Ever been in a situation where you have loaded your van with a stack of cartons and crates only to discover that you’ve got one – just one – left and there is no space left for it?
OK, you can balance it on the passenger seat – always assuming you’re not carrying a passenger – and even attempt to lash it into place using the seat belt. But you know – you just know – that the first time you take a right-hand bend too quickly both it and its contents (because the lid will come off; they always do) will escape from the belt and end up in your lap.
Happily our long-term-test Phase 2 Renault Kangoo Sport 1.5-litre 90hp diesel boasts a solution to the problem, although it is an extra-cost option. Setting you back another £225 – but well worth the money – it is a folding passenger seat combined with a swivelling mesh bulkhead.
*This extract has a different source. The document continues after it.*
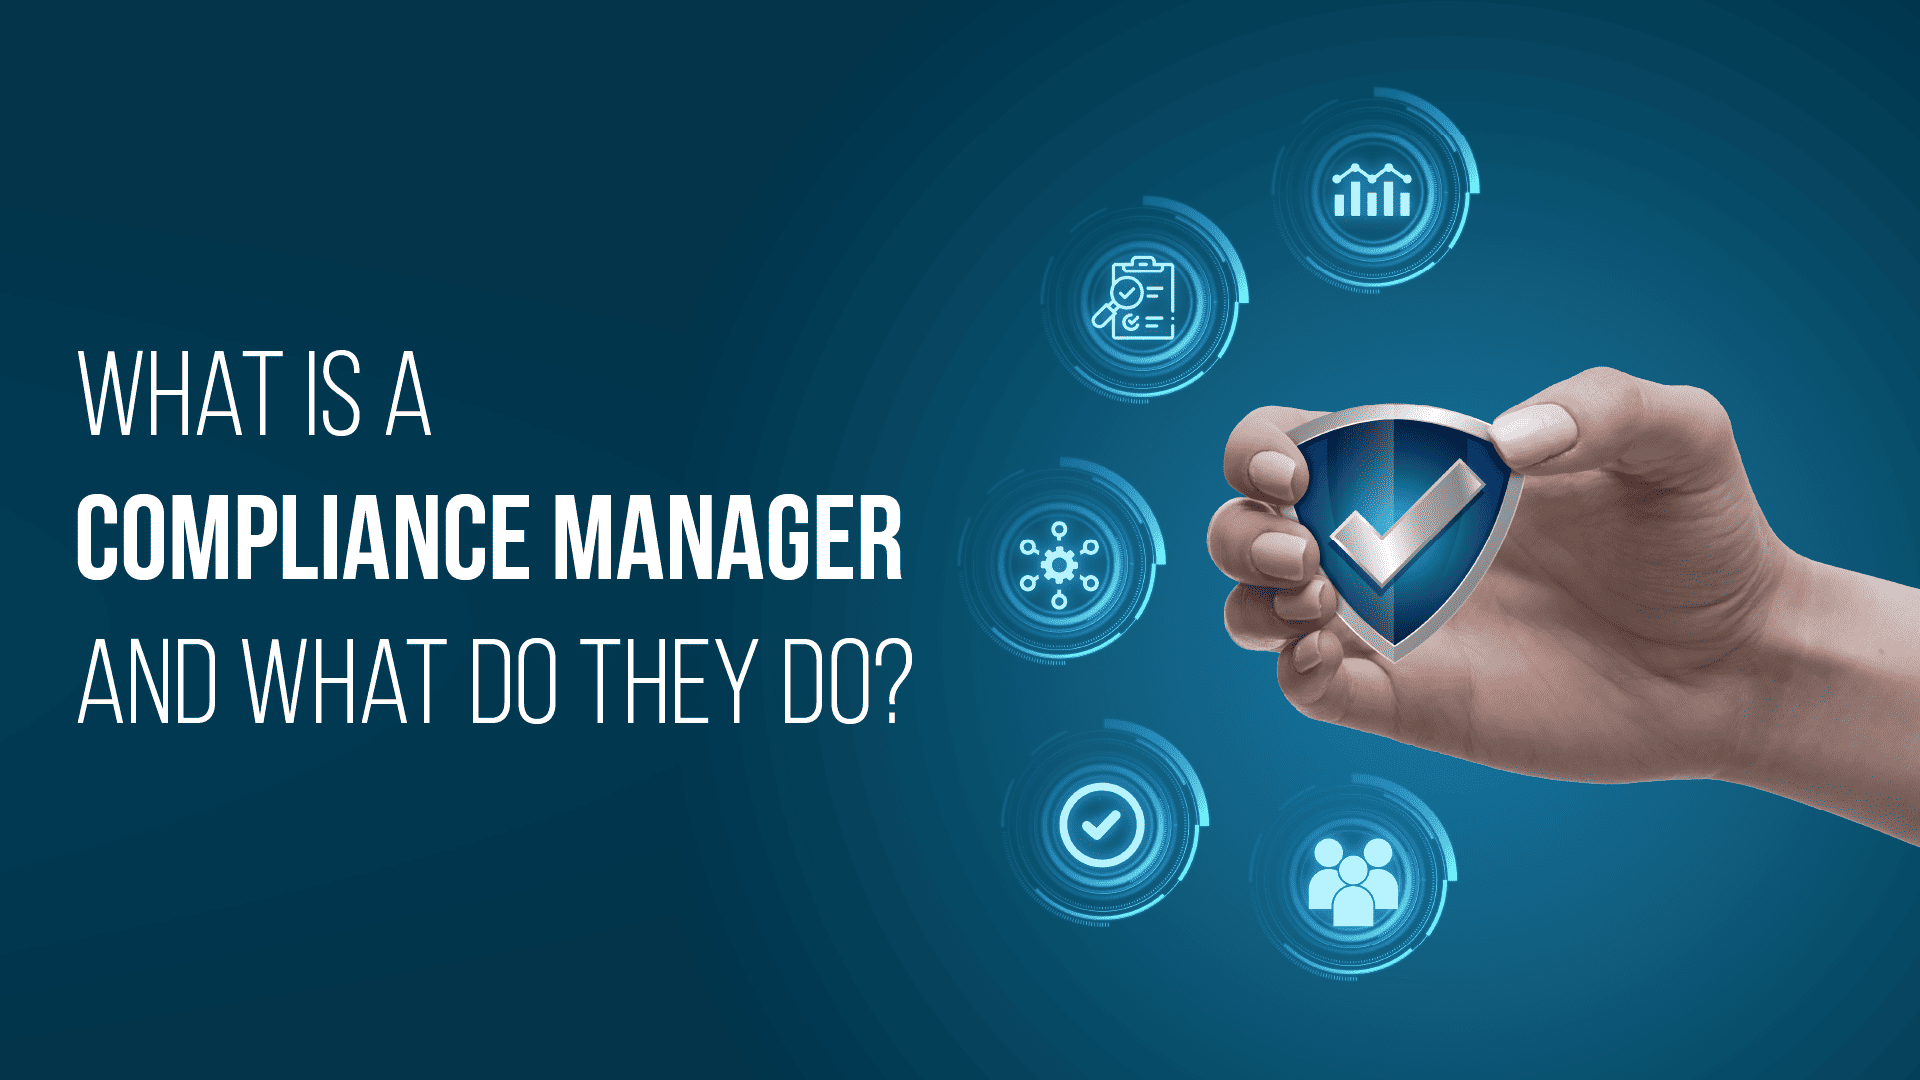 What is a Compliance Manager and What do They do?

You start by folding the passenger seat flat, thereby extending the cargo floor, then you unlatch the section of bulkhead behind the seat and swing it through 180 degrees. By doing so you create a partition between the driver and the passenger area and ensure that the former will not end up wearing whatever has been placed on the load bed extension.
The extension can also be used to help accommodate extra-long items if you do not want to use the girafon; the optional flap at the rear of the van’s roof through which ladders and planks can be poked.
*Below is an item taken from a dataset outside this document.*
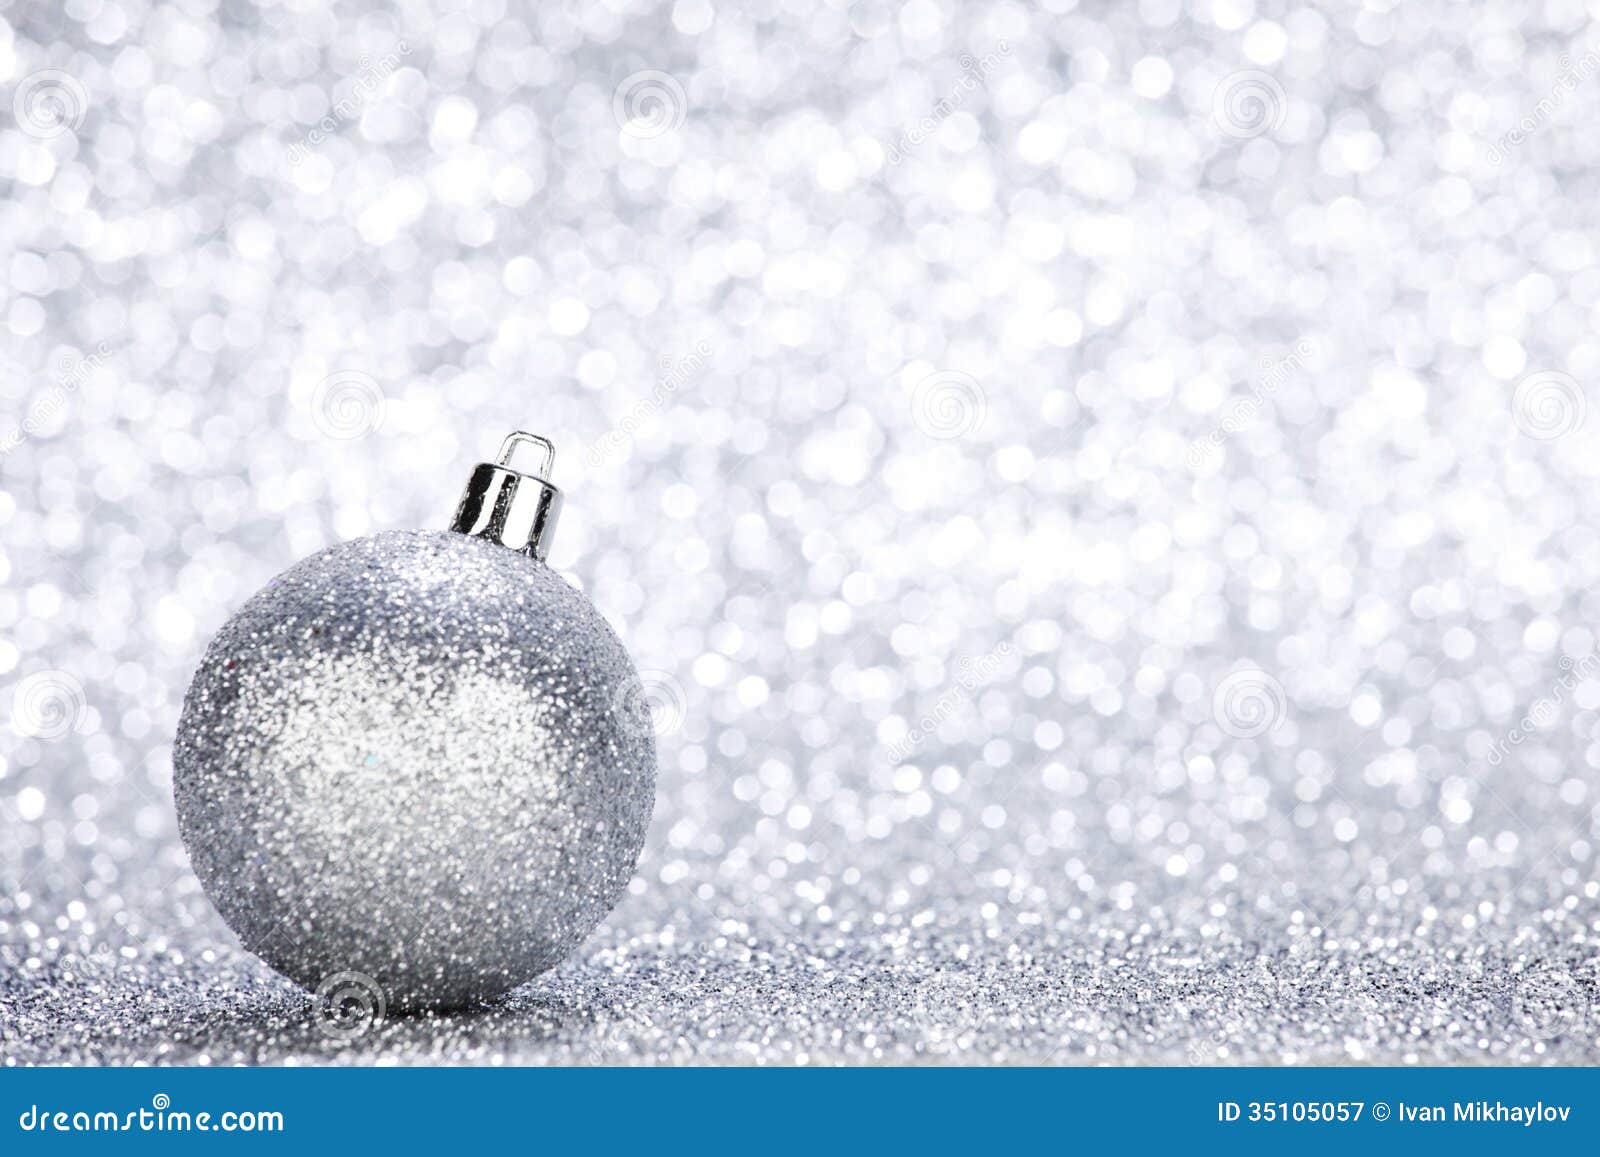 Silver christmas ball stock image. Image of background - 35105057

Make sure though that any cartons, crates and so on that end up on the back of the folded-down passenger seat are not stacked too high. If they are, they will block the driver’s view to the left at junctions.
Stack a load to the roof in the 3.0m3 main cargo area and you will of course be unable to see out of the glazed back doors. That’s when the Renault’s reversing sensors really come in handy – they should be standard on all vans in the writer’s opinion – although their propensity to beep just as energetically when they get within a foot of a waving weed as they do when they get within a foot of a solid brick wall is a continued source of irritation.
Another source of continued irritation is the high level of wind noise and road roar generated by Kangoo at motorway speeds. Cramming the load bay with cargo – gross payload capacity is 600kg – helps reduce it somewhat though and the provision of tie-down points (not suitable for all types of load of course) plus the full-height mesh bulkhead means that whatever you are carrying shouldn’t be joining you in the cab any time soon.
Maybe it’s because everything is loosening up a little after 4,000 miles or so or maybe it’s because we’re subconsciously adapting ourselves to its driving dynamics, but Kangoo seems to ride and handle rather better than it did when we first took charge of it.
Flicking it along a particularly twisty, bone-dry stretch of the A40 in Gloucestershire we grew increasingly impressed by just how good its on-the-highway behaviour is these days. Maybe the extended workout it received when we took it over to the Republic of Ireland taught it some road manners.
We are continuing to get to grips with our Kangoo’s standard R-Link multimedia system, which embraces TomTom LIVE satellite navigation; for which we are very grateful.
Difficulties entering the postcodes of destinations are still being experienced, although finding towns and villages themselves isn’t a problem. Anybody got an A-to-Z we can use when we get there?